Other noncash investing activities include accrued capital expenditures for the nine months ended September 30, 2024 and 2023 of $130 million and $125 million, respectively.
17. Commitments and Contingencies
Various groups, including the State of North Dakota and the Mandan, Hidatsa and Arikara Nation or MHA Nation, also known as the Three Affiliated Tribes of the Fort Berthold Indian Reservation (the “Three Affiliated Tribes”) represented by the Bureau of Indian Affairs (the “BIA”), have been involved in a dispute regarding the ownership of certain lands underlying the Missouri River and Little Missouri River (the “Disputed Land”) from which we currently produce. As a result, as of September 30, 2024, we have a $125 million current liability in suspended royalty and working interest revenue, including interest, of which $104 million was included within accounts payable and $21 million related to accrued interest was included within other current liabilities on our consolidated balance sheet. Additionally, we have a long-term receivable of $30 million for capital and expenses. The United States Department of the Interior (“DOI”) has addressed the United States’ position with respect to this dispute several times in recent years with conflicting opinions. In January 2017, the DOI issued an opinion that the Disputed Land is held in trust for the Three Affiliated Tribes, then in June 2018 and May 2020 the DOI issued opinions concluding that the State of North Dakota held title to the Disputed Land. Most recently, on February 4, 2022, the DOI issued an opinion (“M-Opinion”) concluding that the Disputed Land is held in trust for the Three Affiliated Tribes. While the M-Opinion is binding on all agencies within the DOI, it is not legally binding on third parties, including Marathon Oil, the State of North Dakota, or a court. Given the uncertainty in matters such as these, we are unable to predict the ultimate outcome of this matter at this time; however, we believe the resolution of this matter will not have a material adverse effect on our consolidated financial position, results of operations or cash flows.

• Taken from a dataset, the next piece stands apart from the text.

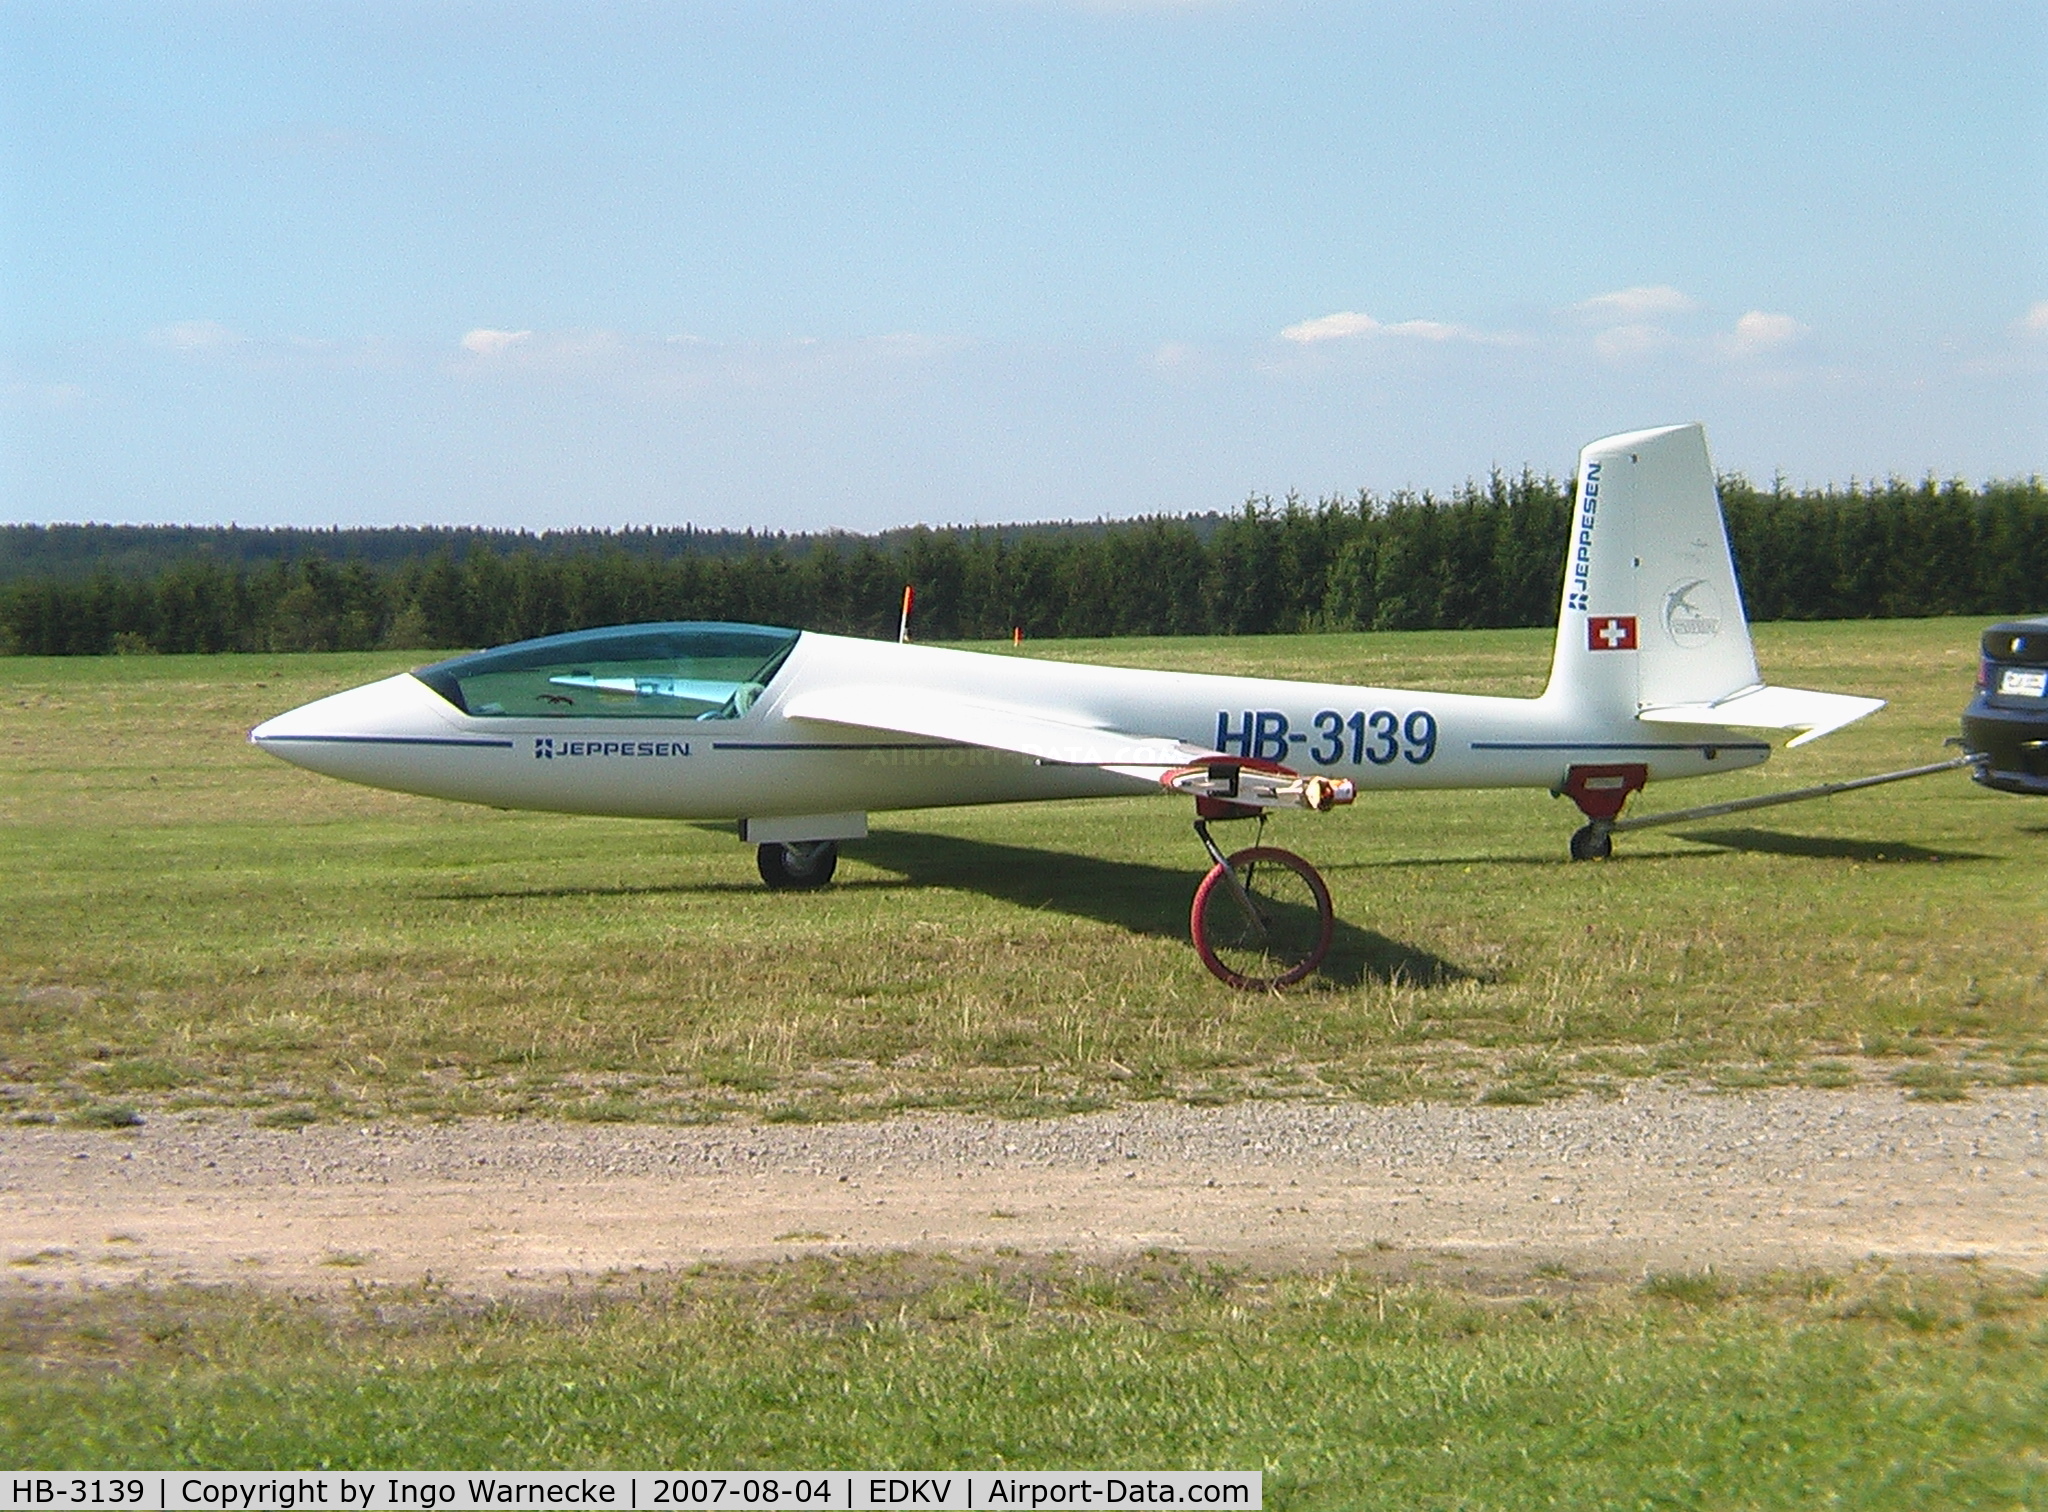 HB-3139, 1992 Marganski Swift S-1 C/N 105, Marganski Swift S-1 at Dahlemer-Binz airfield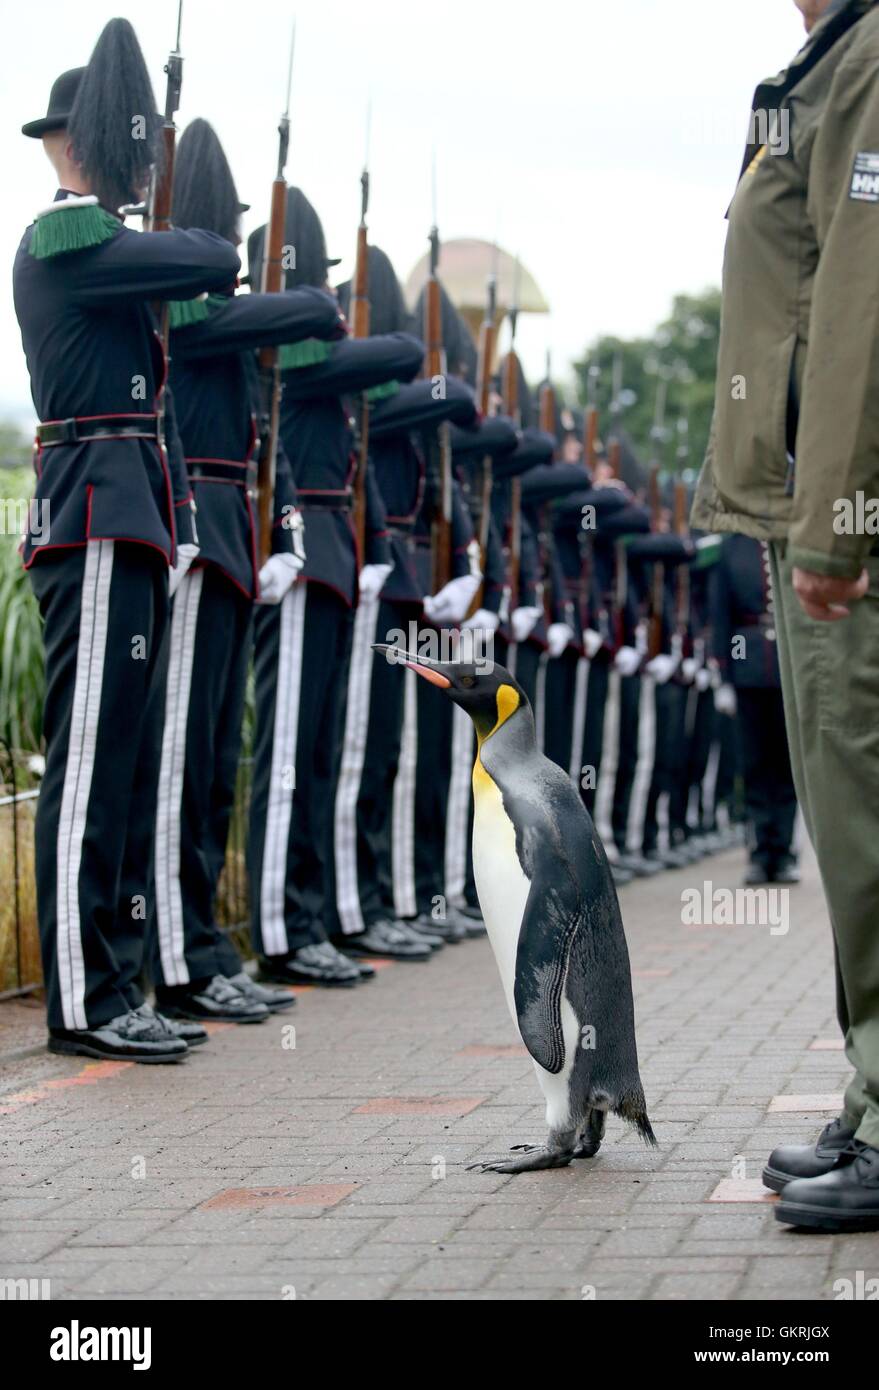 Uniformierte Soldaten der König von Norwegen Guard Parade zur Einsichtnahme durch ihr Maskottchen, König Pinguin Nils Olaf, ein Ritterschlag in 2008 um RZSS Edinburgh Zoo, verliehen wurde, wie sie des Pinguins Förderung und neue Titel von âÂ €ÂœBrigadier Sir Nils OlavâÂ verkünden €Â. Stockfoto

We are a defendant in a number of legal and administrative proceedings arising in the ordinary course of business including, but not limited to, royalty claims, contract claims, tax disputes and environmental claims. While the ultimate outcome and impact to us cannot be predicted with certainty, we believe the resolution of these proceedings will not have a material adverse effect on our consolidated financial position, results of operations or cash flows. In addition, we may also be subject to retained liabilities with respect to certain divested assets by operation of law. For example, we are exposed to the risk that owners and/or operators of assets purchased from us become unable to satisfy plugging or abandonment obligations that attach to those assets. In that event, due to operation of law, we may be required to assume plugging or abandonment obligations for those assets. Although we have established reserves for such liabilities, we could be required to accrue additional amounts in the future and these amounts could be material.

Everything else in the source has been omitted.